Hin- und Hergeschichten nannte sich ein Buch, das Franz Hohler und Jürg Schubiger gemeinsam verfasst haben. Der eine schickte dem anderen eine Geschichte und der Empfänger liess sich durch diese zu einem eigenen Werk inspirieren. Weil die beiden sich keine weiteren Vorgaben machten, sind herrlich verrückte Texte entstanden. Diesen inspirierenden Prozess wollen Regula Haus, eine befreundete Autorin, und ich ausprobieren. Wer dann übrigens Lust bekommt, mehr von Regula Haus zu lesen, besorgt sich einfach ihr Buch "Das schwarze Sofa" (nicht wundern, damals trug sie noch den Doppelnamen Haus-Horlacher) oder schauen sich http://www.literaturport.de/Regula.Horlacher/ an.

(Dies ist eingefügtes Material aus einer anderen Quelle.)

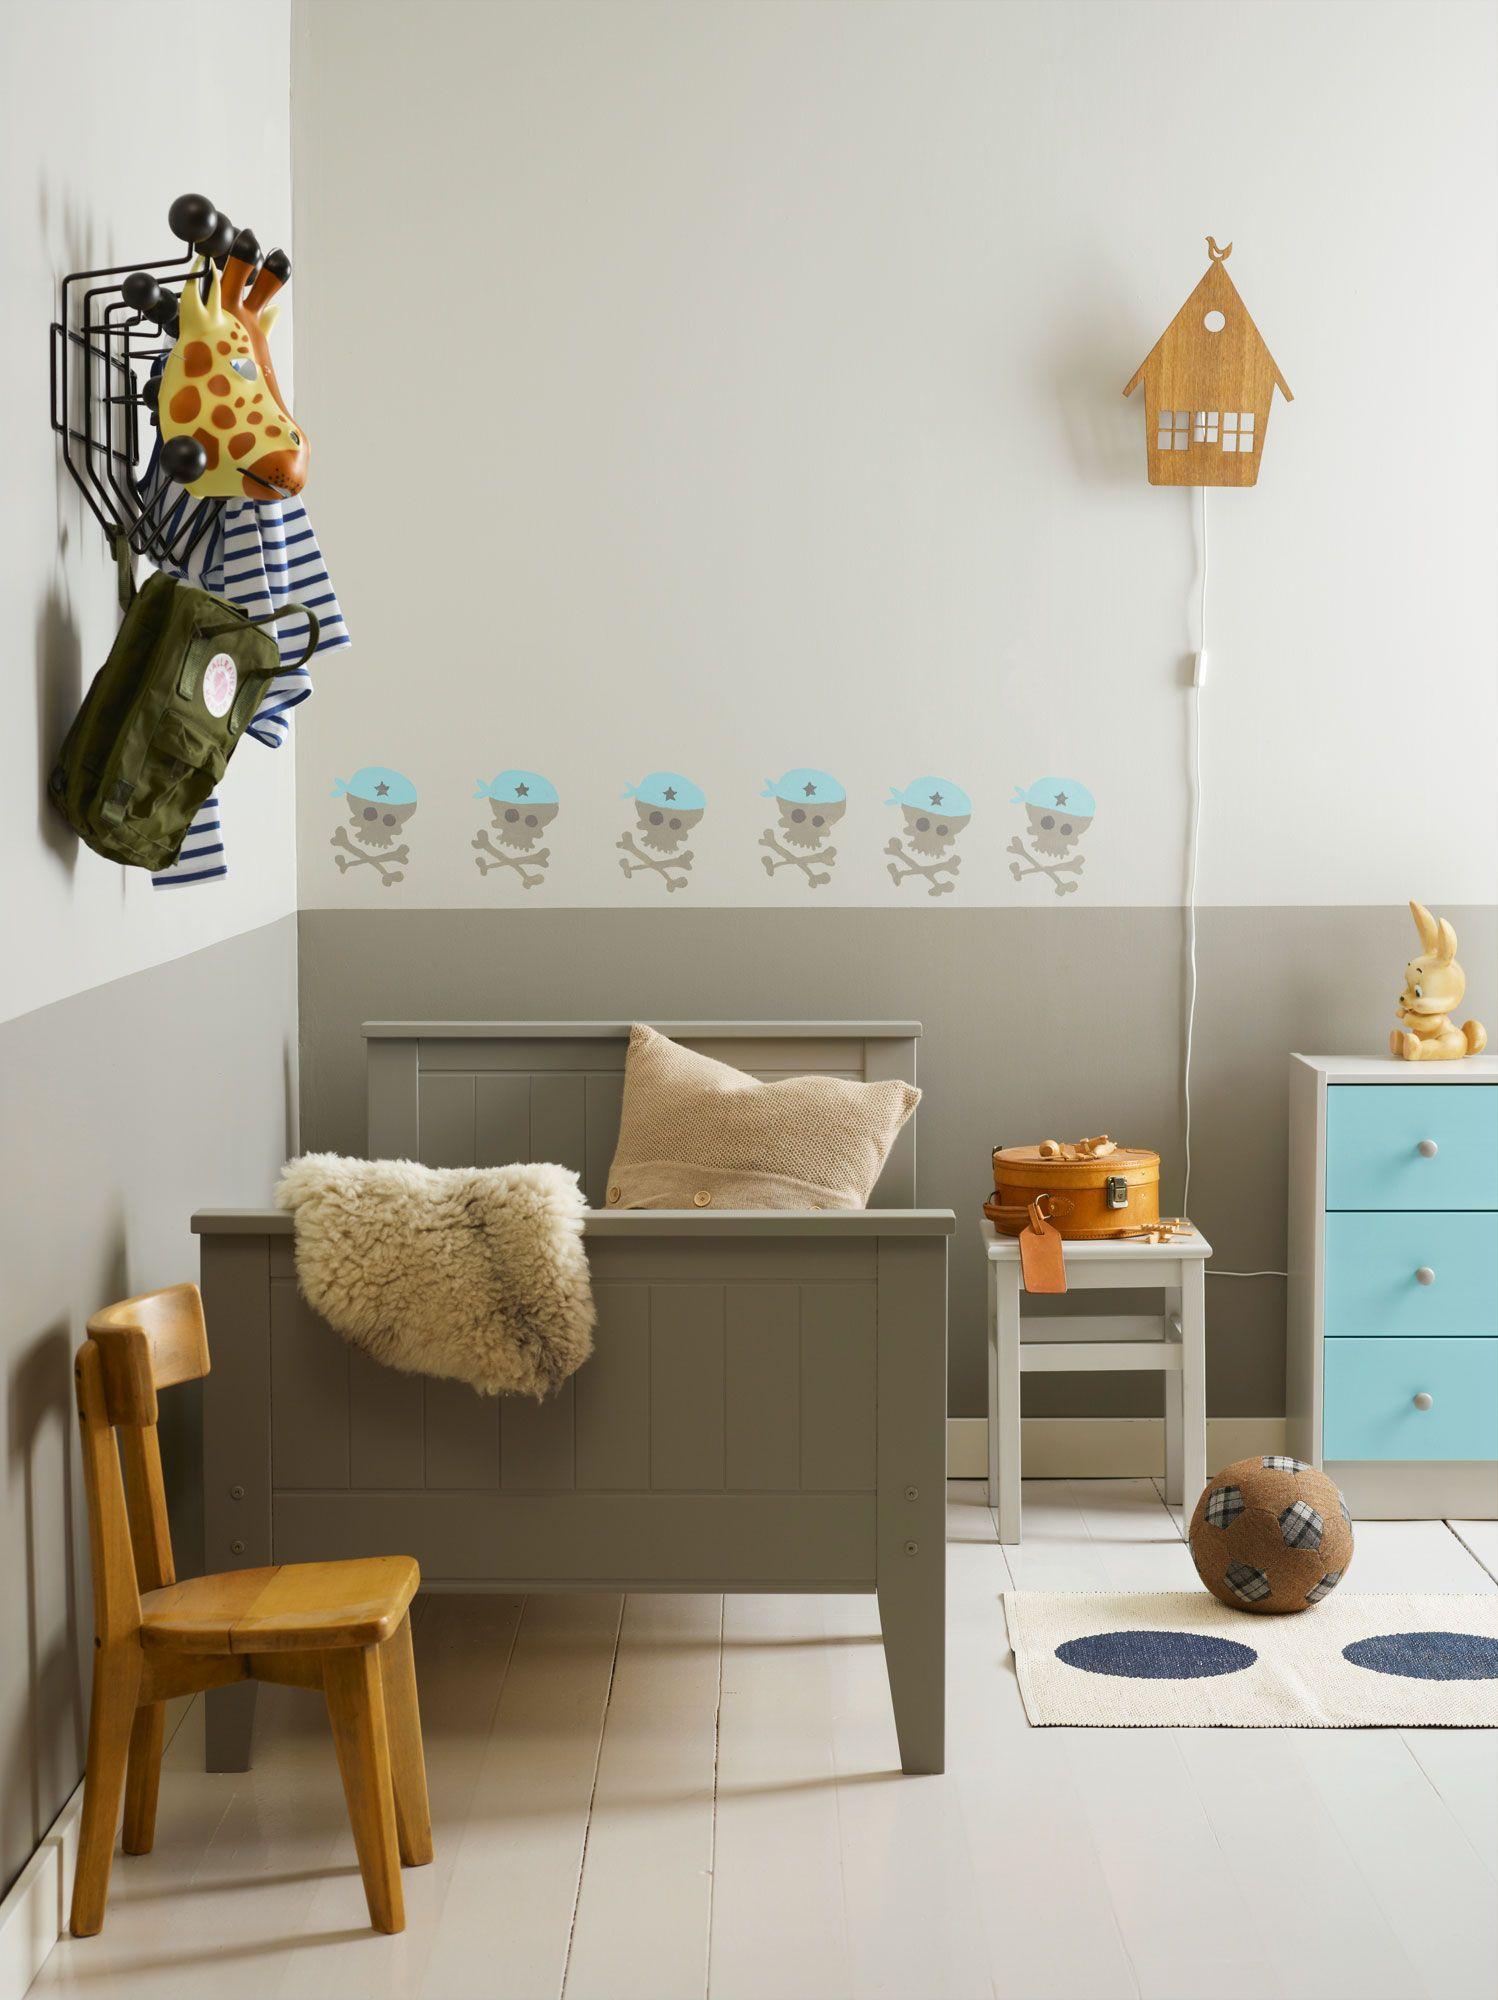 C mo pintar una habitaci n infantil hogarmania - Simulador pintar habitacion ...

Als sie klein war, hatte sie Weihnachten geliebt. Sich für ihre Nächsten ein Geschenk einfallen zu lassen, war eine Herzensangelegenheit. Und erst die Verpackung. Papier und Schleifen mussten gemeinsam erstrahlen. Heute hing die Weihnachtsbeleuchtung spätestens Mitte November in Geschäften unterschiedlichster Art. Doch die wenigsten Menschen genossen dies. Sie stürmten aneinander vorbei, oft in beiden Händen Taschen, Kopfhörer in den Ohren, den Blick aufs Handy oder die nächste Ladenfront geheftet. Manchmal stand sie mitten in diesem Konsumsturm und kämpfte um eine Begegnung. Doch meistens machte sie sich nach der Arbeit auf dem schnellsten Wege nach Hause. In den eigenen vier Wänden fühlte sie sich sicher. Doch die Begegnungen schienen ausgesperrt. Die Atmosphäre hatte oft etwas Bedrückendes. Aber manchmal gelang das Unglaubliche: Eine Freundin traf sich mit ihr zum Essen. Die Handys blieben in der Tasche. Und im Gespräch über Arbeit, Menschen und Träume entstand Wärme - wahre Weihnachtswärme.

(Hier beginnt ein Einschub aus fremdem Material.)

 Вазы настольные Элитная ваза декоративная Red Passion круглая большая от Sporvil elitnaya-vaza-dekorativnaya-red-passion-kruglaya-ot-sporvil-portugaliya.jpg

„Der Dezemberplan steht noch nicht definitiv fest, aber ich kann Ihnen heute schon sagen, dass Sie über Weihnachten frei haben“, informierte die Pflegedienstleiterin Bea während des Einführungsgesprächs an ihrem ersten Arbeitstag Anfang November. Bea freute sich. Sie mochte Weihnachten. Aber sie wusste auch, dass es sich bei dieser Zuteilung von Freitagen nicht um Grosszügigkeit ihr gegenüber handelte. Vor ein paar Jahren wäre es das wohl noch gewesen, aber die Zeiten hatten sich geändert. Schon an Beas bisherigem Arbeitsort wollten ihre Kolleginnen viel lieber über Silvester-Neujahr frei als über Weihnachten, sogar wenn sie kleine Kinder hatten. Offenbar war Weihnachten aus der Mode gekommen. Nun ja. Weshalb ein einzelner nackter neugeborener Säugling jedes Jahr wieder gefeiert werden sollte, war ja auch nicht wirklich nachvollziehbar. Nach all der Zeit! Allein in der Schweiz kamen jährlich 80 000 Kinder zur Welt, hatte sie kürzlich in der Zeitung gelesen. 80 000 hilflose Kinder, die ihren Eltern zwar Freude bereiteten, aber ebensoviel Arbeit und Sorgen. Und die auch nur allzu oft den in sie gesteckten Hoffnungen und Erwartungen nicht gerecht wurden. Genau wie der Säugling aus dem Stall in Bethlehem Hoffnungen und Erwartungen nicht erfüllt hatte! War es da nicht tatsächlich vernünftiger, Silvester zu feiern? Das Jahr war überstanden, und was auch immer es einem gebracht hatte, man lebte noch? Bea wusste es nicht. Sie hatte keine Kinder.